Run adjusted pipeline on your images

  • 31

    Once you have tested the pipeline with your test images, you are ready to run the pipeline to process all of your images. If the number of images is manageable for a single computer, do this by selecting the Images module, clearing the File list panel (by selecting Edit > Clear File List from the main menu bar), and drag-and-dropping the folder(s) containing the entire set of images you want to process.

  • 32
    Hide the display windows during the analysis run, by selecting Window > Hide All Windows on Run from the main menu bar.
    You can monitor progress using the display windows that open for each module (see step 7). However, having CellProfiler display these windows during the analysis run will slow processing as the computer refreshes each one. This is especially the case if a large number of images are being analyzed, so it recommended that these windows remain closed.
  • 33

    Change the Default Output Folder to a different location, if desired.

  • 34
    Change the output file name in SaveImages, if desired.
    If you are using a SaveImages module, Cell Profiler will save the processed images to the Default Output Folder during each cycle.
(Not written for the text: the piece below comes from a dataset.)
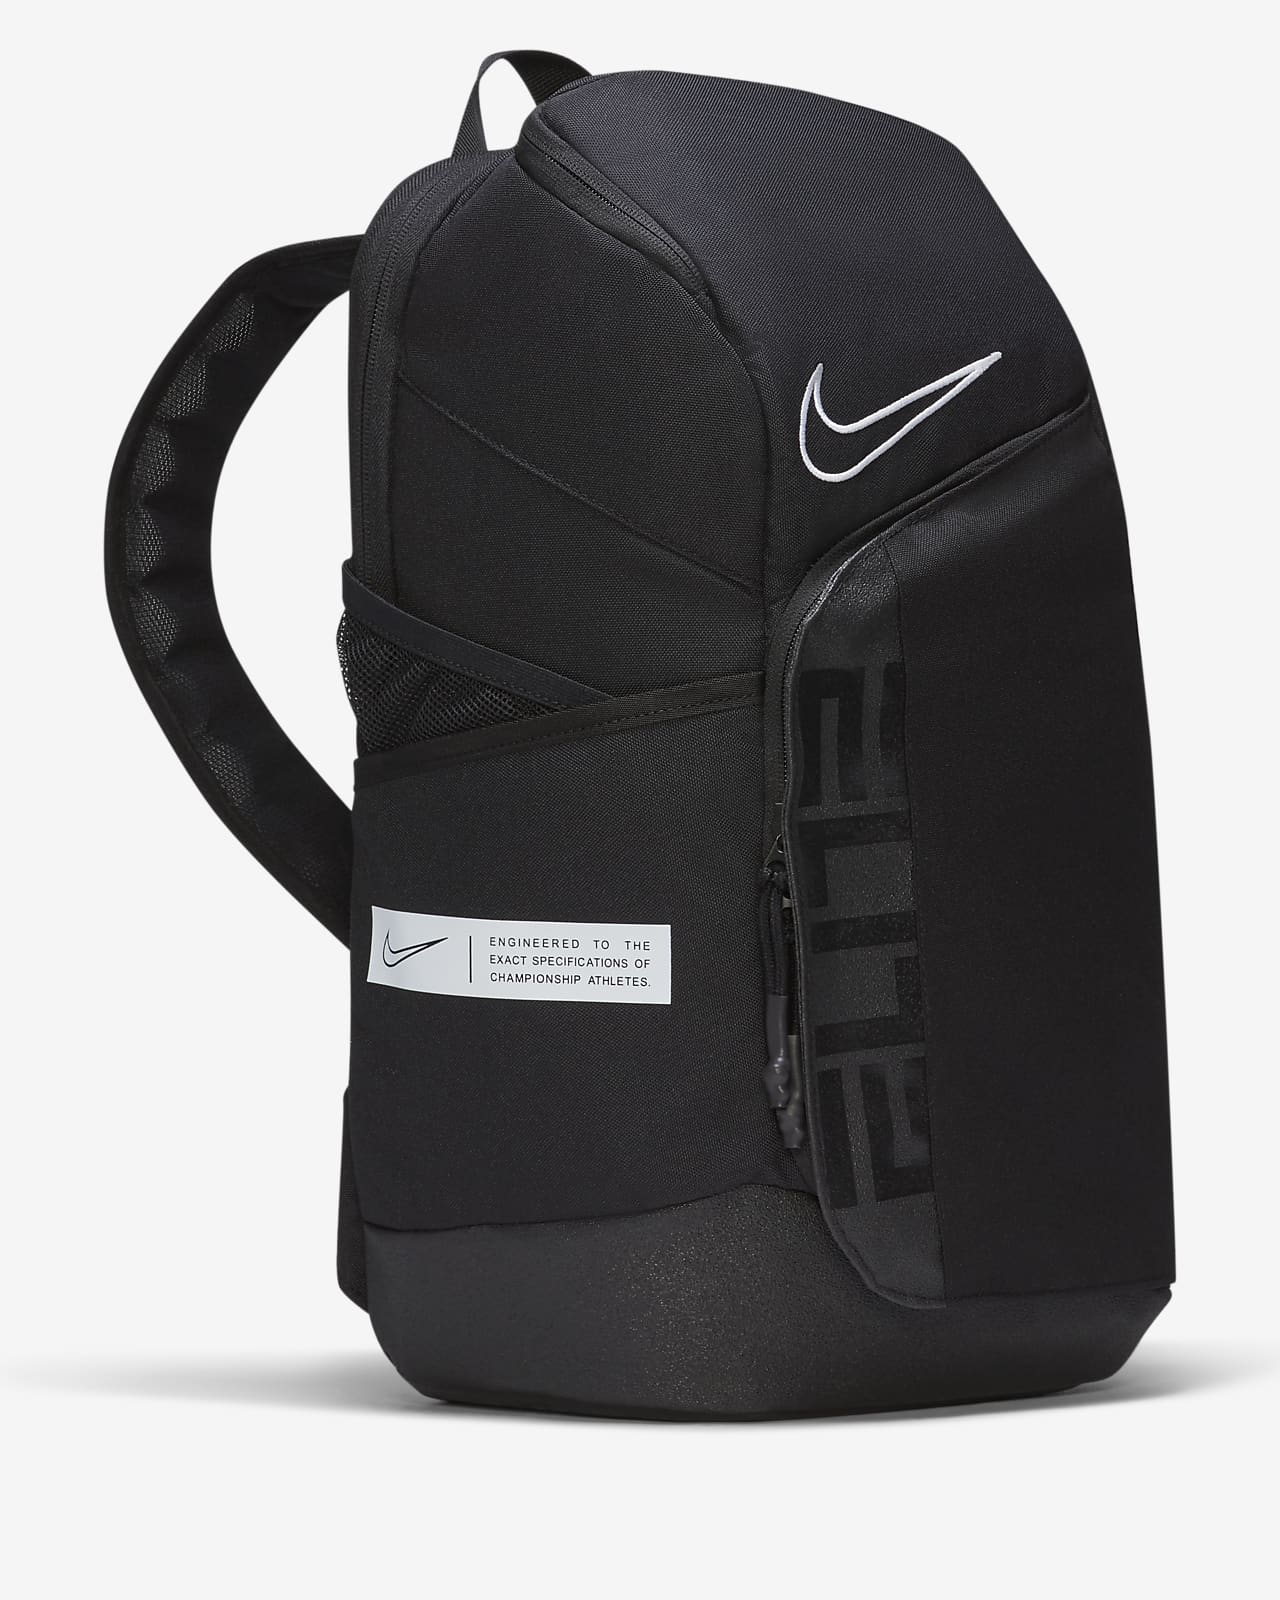 Leyes y regulaciones Buque de guerra excusa Nike Elite Pro Small Basketball Backpack (23L). Nike JP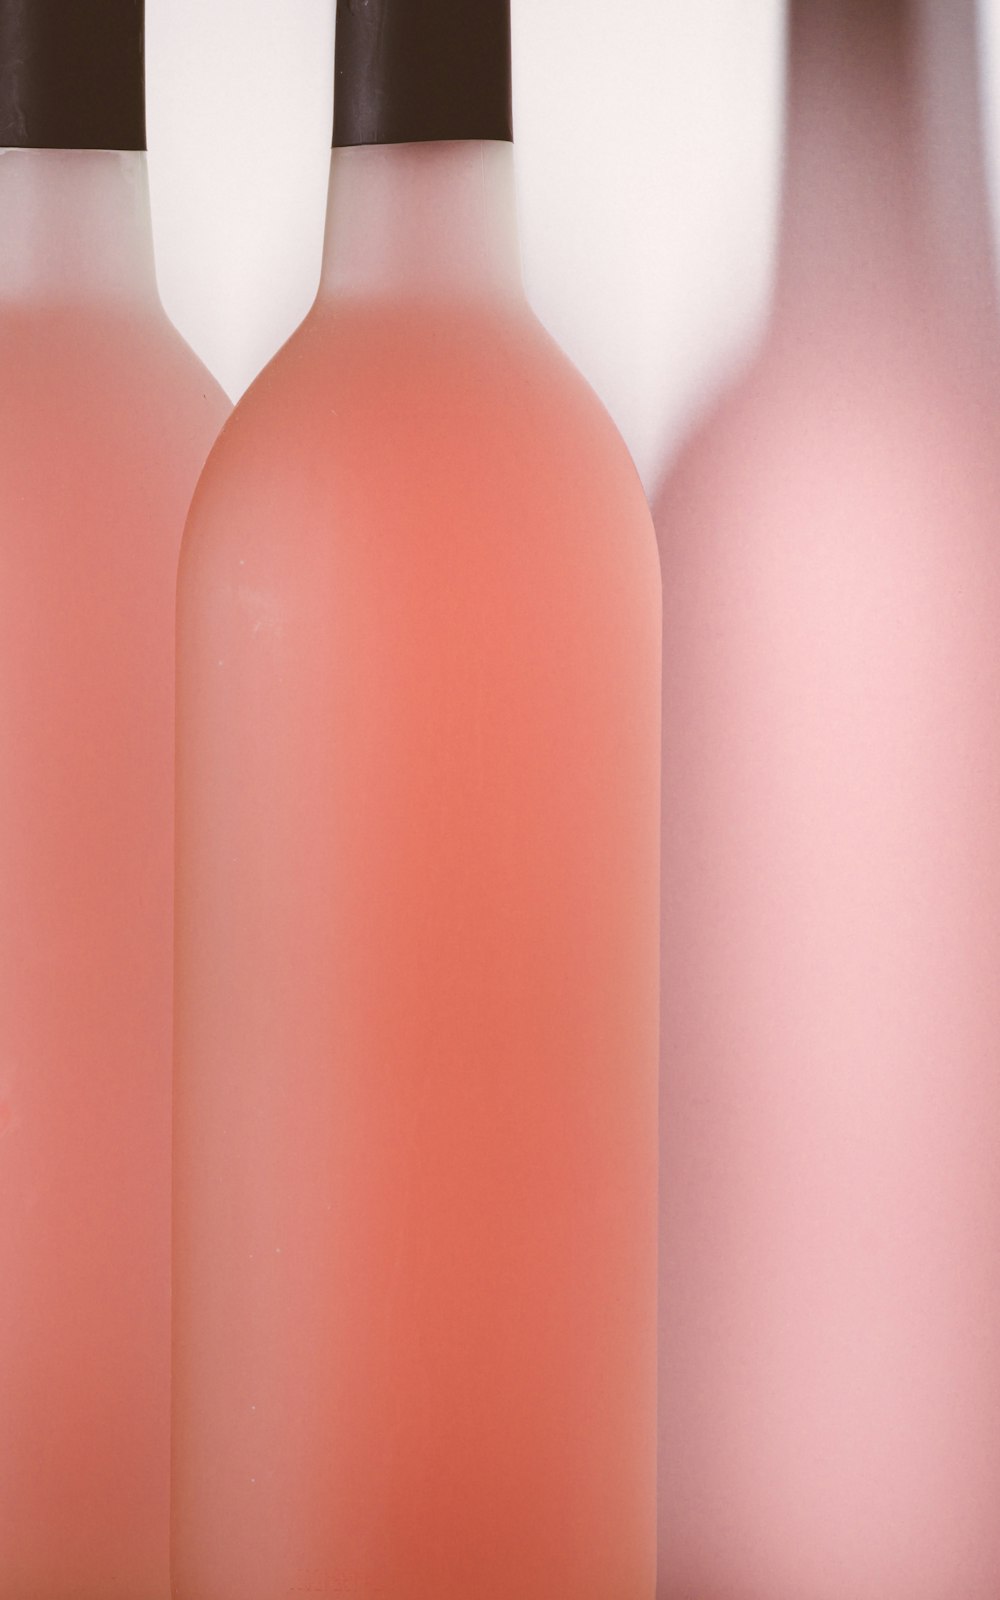 ピンクと白のペットボトル

Even before processing has completed on the entire set, you can open these processed images to check whether the processing is accurate by examining whether the outlines properly identify colonies.
  • 35
    Click the “Analyze images” button to begin the analysis run.
    If not, you can cancel the pipeline using the “Stop Analysis” button and adjust settings in the pipeline appropriately, using the guidance for each module above, before beginning processing again.
    For sets of images too large for a single computer, see the Alternate Protocol to run images on a computing cluster.

Explore data

  • 36
    The comma-delimited text file created by Export To Spread sheet can be opened in a spreadsheet program such as Microsoft Excel or more sophisticated analysis programs such as R, GraphPad Prism or MATLAB. See http://www.cellprofiler.org/interfaces.shtml for a partial listing of compatible programs.
    Note that Microsoft Excel 2013 has a spreadsheet limit of 1,048,576 rows by 16,384 columns, with a column width limit of 255 characters; other programs such as Open Office's Calc and GraphPad's Prism may have different limits. If exporting a large dataset, exporting the data to a database may be a better option; see the Alternate Protocol, part 3.
  • 37
    Cell Profiler has several data tools for analysis, including tools for plotting histograms and scatter plots. To use the tools after analysis completes, select “Data Tools” from the main menu bar, then select one of the following:
    • Display Histogram: To display your analyzed data in a histogram, the tool will prompt you to choose the output file (.mat or .h5) from your analysis. Follow the prompts to select the data to be displayed.
    • Display Scatter Plot: To visualize your data as a one- or two-dimensional scatter plot, the Display Scatter Plot tool will prompt you to choose the output file (.mat or .h5) from your analysis and the features you would like to visualize.

Alternate Protocol

Analyzing Images on a Computing Cluster

Depending on the number of images and size of the pipeline, it may be necessary to use a computing cluster. While a few hundred image sets can usually be run on a standalone desktop within a few hours, users should consider running larger image sets on a computing cluster in batch mode to speed the processing. Cell Profiler can create batch files to run any pipeline on a Linux cluster.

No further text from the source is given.